Chapter 17 Understanding Cache OM and Multi-Engine Features : Designing With Multiple Active Inference Agents

Designing With Multiple Active Inference Agents
You can use multiple active inference agents to achieve load balancing, scaling, and performance. These are known as multi-engine features. You must be aware of some design considerations when designing project that take advantage of these multi-engine features.
Multi-engine features can be used in two ways:
Deployment of multiple instances of the same agent, each in different nodes, for load balancing and fault tolerance.
Deployment of instances of different agents, to achieve rule-chaining for high distribution of the work load and high performance.
In both multi-engine cases, the agents are in the same cache cluster and work on the same ontology objects.
Concepts are Shared Across Agents Asynchronously
All concept objects are shared between agents in the cluster in an asynchronous manner.
For instance, an Agent X receives an event E, fires a rule R1 that creates a concept C1. An agent Z receives an event E2, fires a rule R2 that joins concept C1 and event E2.
Therefore, there is inherent latency between an object change in an agent to the other agents in the cluster receiving the notification.
Because of the asynchronous sharing of objects between agents, give events an infinite time to live setting and explicitly consume them.
See the StateMachineMultiEngineExample example to see a demonstration of this point. (Requires TIBCO BusinessEvents Enterprise Suite).
Scorecards are Local to the Agent
Scorecards are not shared between agents. (This is true in all OM types.) Each inference agent maintains its own set of scorecards and the values in each agent can differ. This enables scorecards to be used for local purposes and minimizes contention between the agents.
As an analogy consider a bank ATM scenario. Money can be drawn from the same account using different ATMs. However, each ATM maintains a "scorecard" indicating only how much money it dispenses.
An agent key property (Agent.AgentGroupName.key) is available for tracking scorecards. See Defining a Unique Key for Each Agent.
Events are Clustered but not Shared Across Agents in a Group
In a load balanced and (optionally) fault tolerant group of agent instances, event instances are clustered between agents in an agent group—they are not shared. That is, each event instance is present on only one agent in the cluster.
For instance, when an agent X receives an Event E1, agent B does not see the event.
Cache cluster services provide for reassignment of ownership of these events to other agents in the same group, in the event of node failure. The events owned by this agent are redistributed to the remaining agents. (Therefore there is no single point of failure.)
Note that this can happen only if the event’s time-to-live (TTL) is long enough for other agents to receive cache notification of the event.
See the Events-MultiEngineExample example for a demonstration of this point.
Event Related Constraints
Repeating Time Events Not Supported
Time events configured to repeat at intervals are not supported in multiple-agent (multi-engine) configurations. Rule-based time events, however, are supported.
State Machine Timeouts
State machines can be configured to have state timeouts. The objects are shared across all agents, and the agents in the cluster collaborate to take ownership of management of the state machines, thereby providing automatic fault tolerance.

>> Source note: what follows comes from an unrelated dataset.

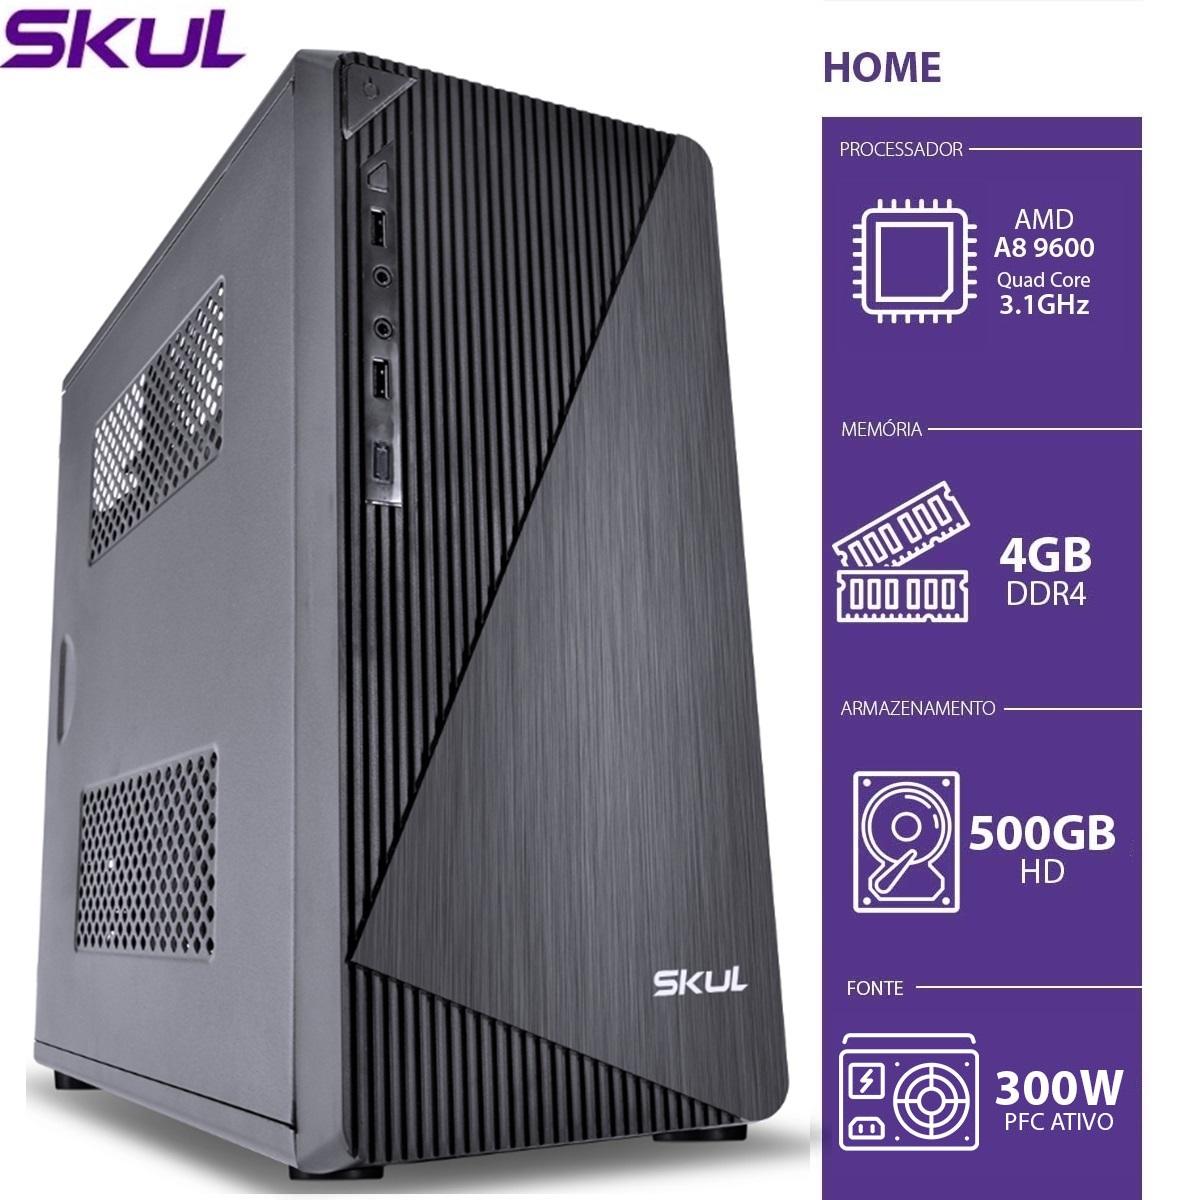 COMPUTADOR HOME H200 - AMD A8 9600 3.1GHZ 4GB DDR4 HD 500GB HDMI/VGA FONTE 300W  - Audio Video & cia

Understanding Concurrency and Locking Issues
Multiple agents can read and write to the same cache cluster and at times operate on the same set of objects. You must therefore deal with the possibility of concurrent modifications. Use locks to deal avoid race conditions.

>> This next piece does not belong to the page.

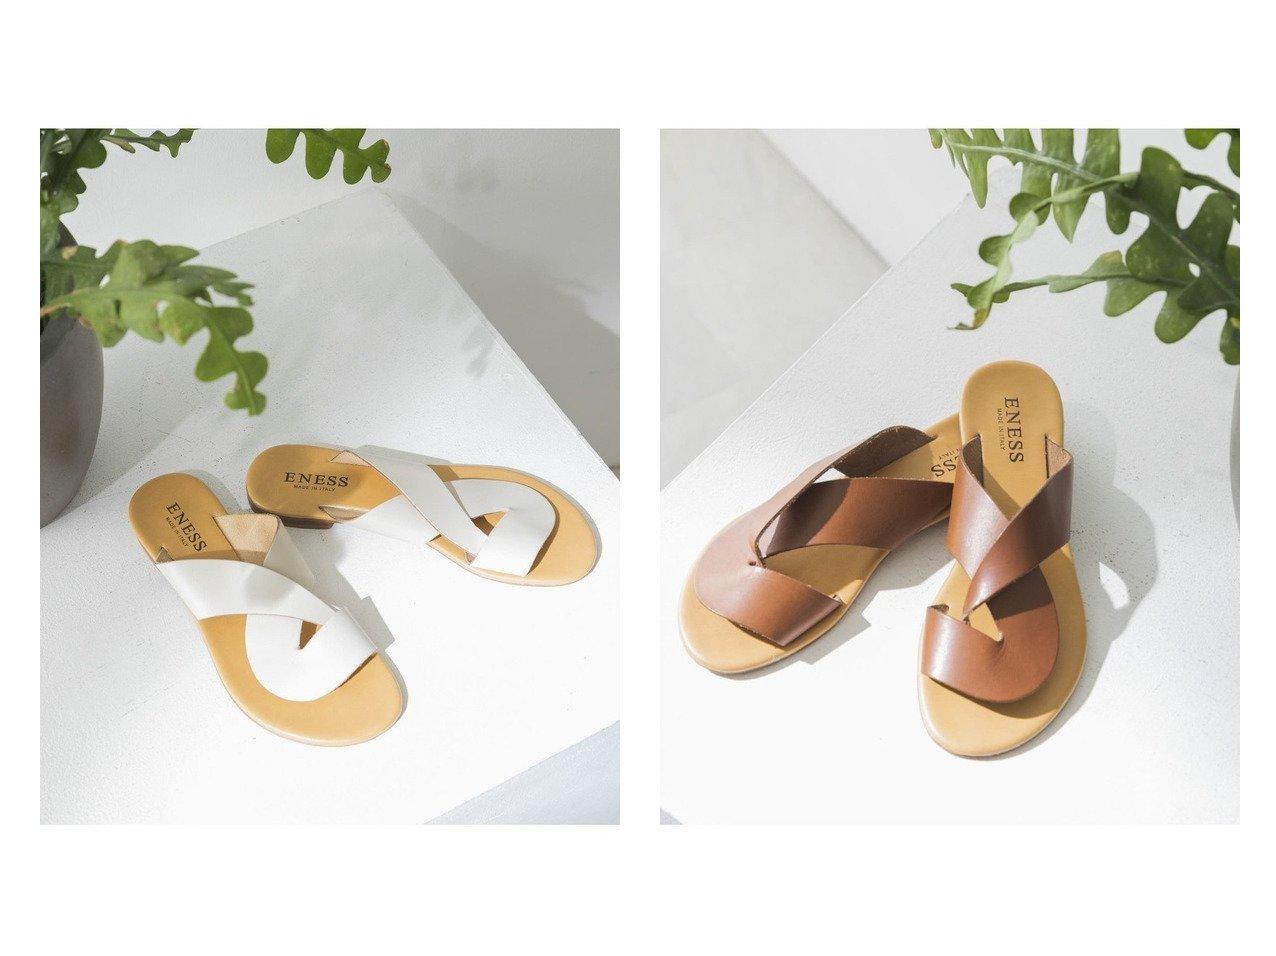 【URBAN RESEARCH/アーバンリサーチ】のENESS フラットクロスサンダル 【シューズ・靴】おすすめ!人気、トレンド・レディースファッションの通販 おすすめで人気の流行・トレンド、ファッションの通販商品 インテリア・家具・メンズファッション・キッズファッション・レディースファッション・服の通販 founy(ファニー) https://founy.com/ ファッション Fashion レディースファッション WOMEN イタリア エレガント サンダル シューズ トレンド ハンド フラット ミュール ラップ |ID:crp329100000047556

See Locking and Synchronization Functions in Preprocessors for details on managing access to objects in preprocessors, which are multi-threaded.
Updates are Done at the Property Level
Multiple agents can work on different properties of the same concept without issues. The object itself does not need to be explicitly locked. Agents update the cluster based on the actual properties being modified.
Multi-Engine Example
The following example shows how concepts are shared and events are clustered in a load balancing agent group.
Rule set A has the following rules:
Rule A: Scope: Event E1
   Condition: None
   Action: Create a concept C.1
Rule B: Scope: Event E2
   Concept C1
   Condition: E2.x == C1.x;
   Action: Send an event E3
You can start multiple instances of an agent. Suppose agent A1 and A2 are instances of an agent. Each contains rule set R.
Each agent instance has an internal ID to keep it distinct from other agents, so assume that the ID is 1 and 2 respectively.
Both agents on startup are activated based on the maxActive setting and therefore they both listen to the destinations on which events (E1 and E2) arrive.
The following scenario describes the behavior:
1. Agent A1(id=1) receives an instance of Event E1:
1.
2.
3.
The events are clustered but are not shared. For example Agent A1 receives the event E1. If the Time to Live of the event is > 0, then the event is acknowledged in the channel and moved to the cluster.
2. Agent A2 receives an instance of Event E2:
1.
2.
In the case of failure of the node containing Agent A1, Agent A2 will move the pending events to its Rete network.